**Work to be completed**
No image is to be carried over; reproduce the rest of the listing word for word.

**Supplied information**

┌──

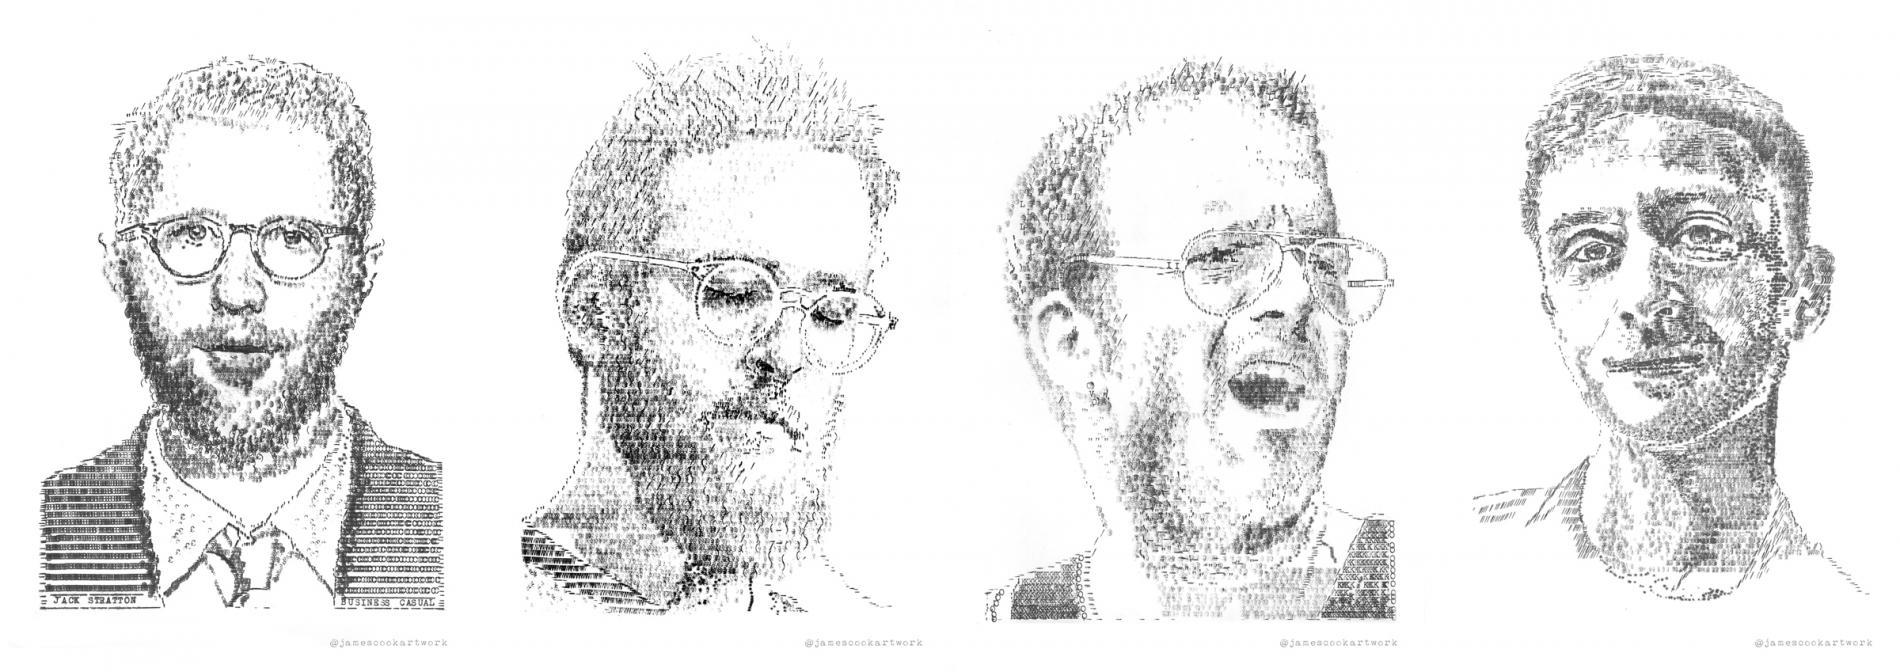 retratos james cook tipografia
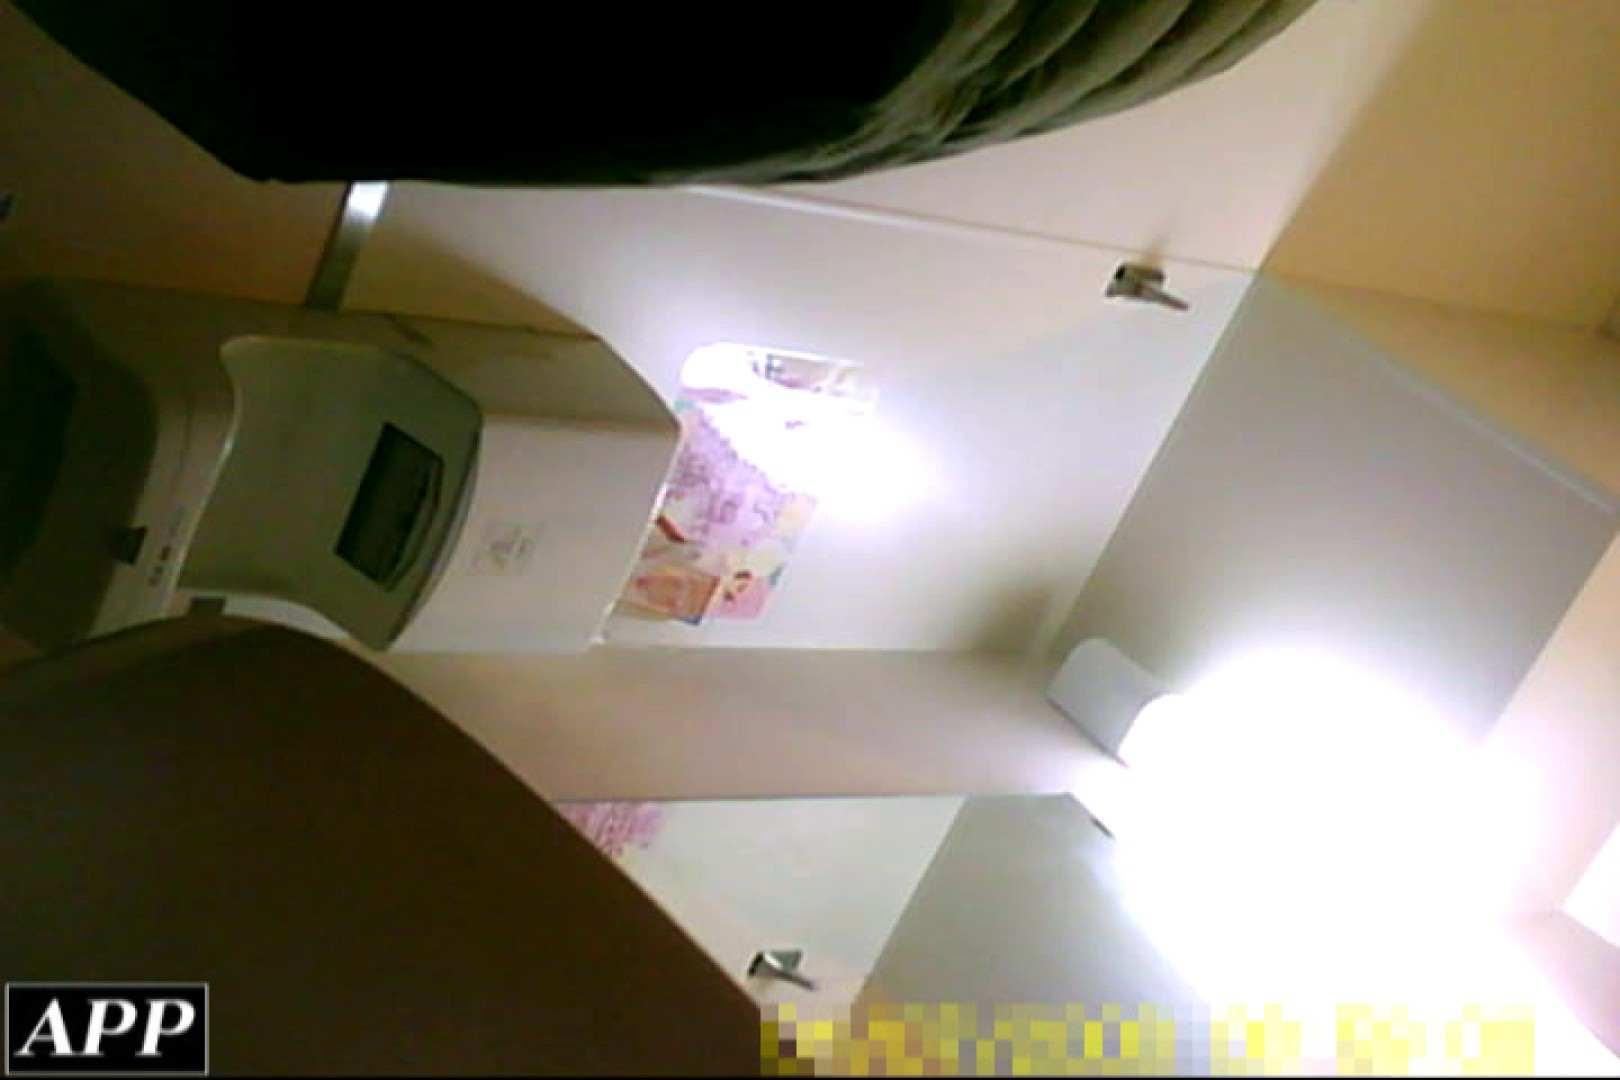 3視点洗面所 vol.064 OLの実態  74pic 40
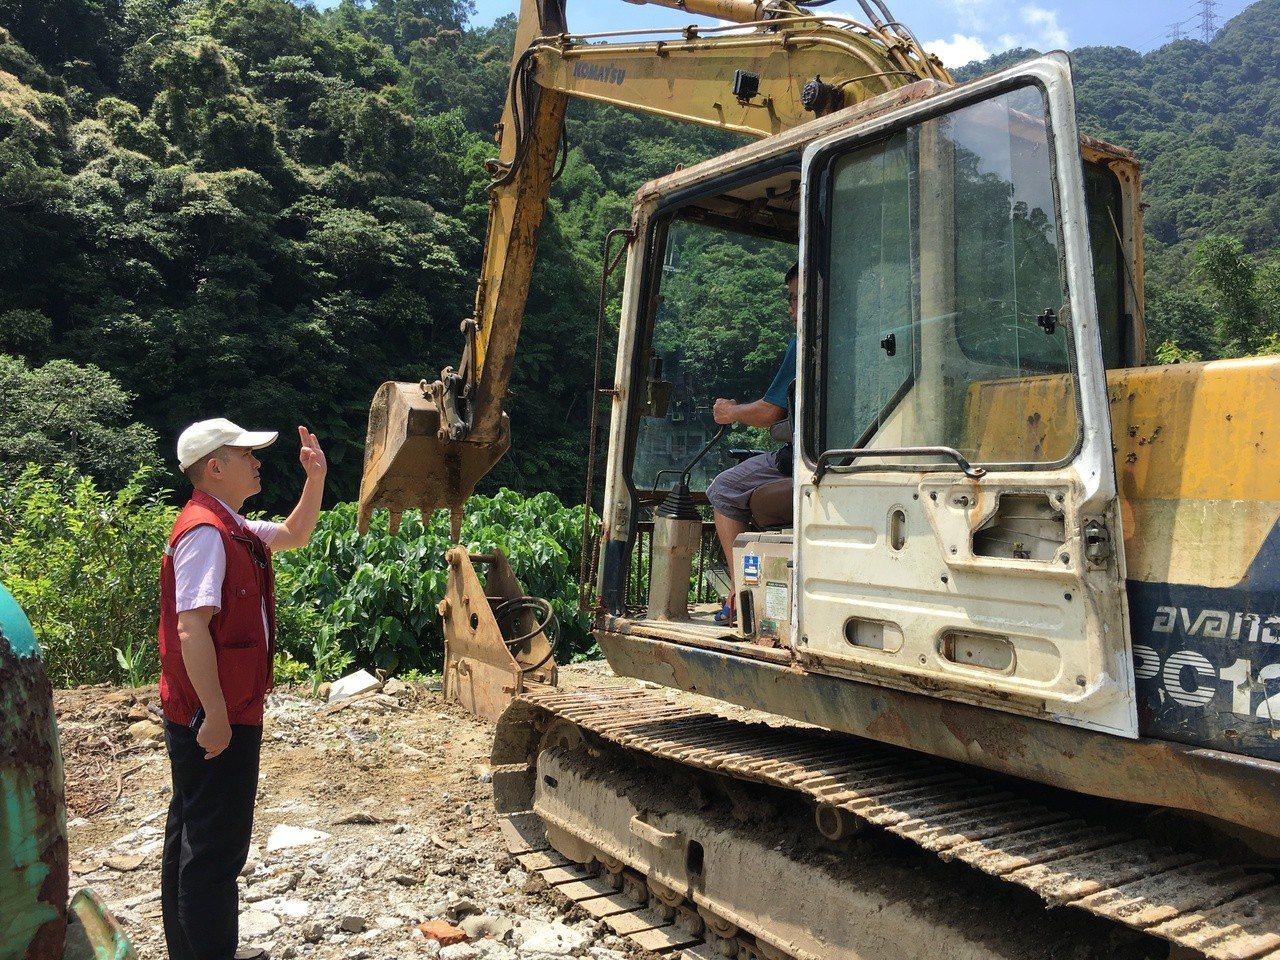 為預防可能到來的颱風丹娜絲,新北市府指示各單位進行各項防颱整備。記者柯毓庭/翻攝

└──

**Reply**
 retratos james cook tipografia
 3視点洗面所 vol.064 OLの実態  74pic 40
 為預防可能到來的颱風丹娜絲,新北市府指示各單位進行各項防颱整備。記者柯毓庭/翻攝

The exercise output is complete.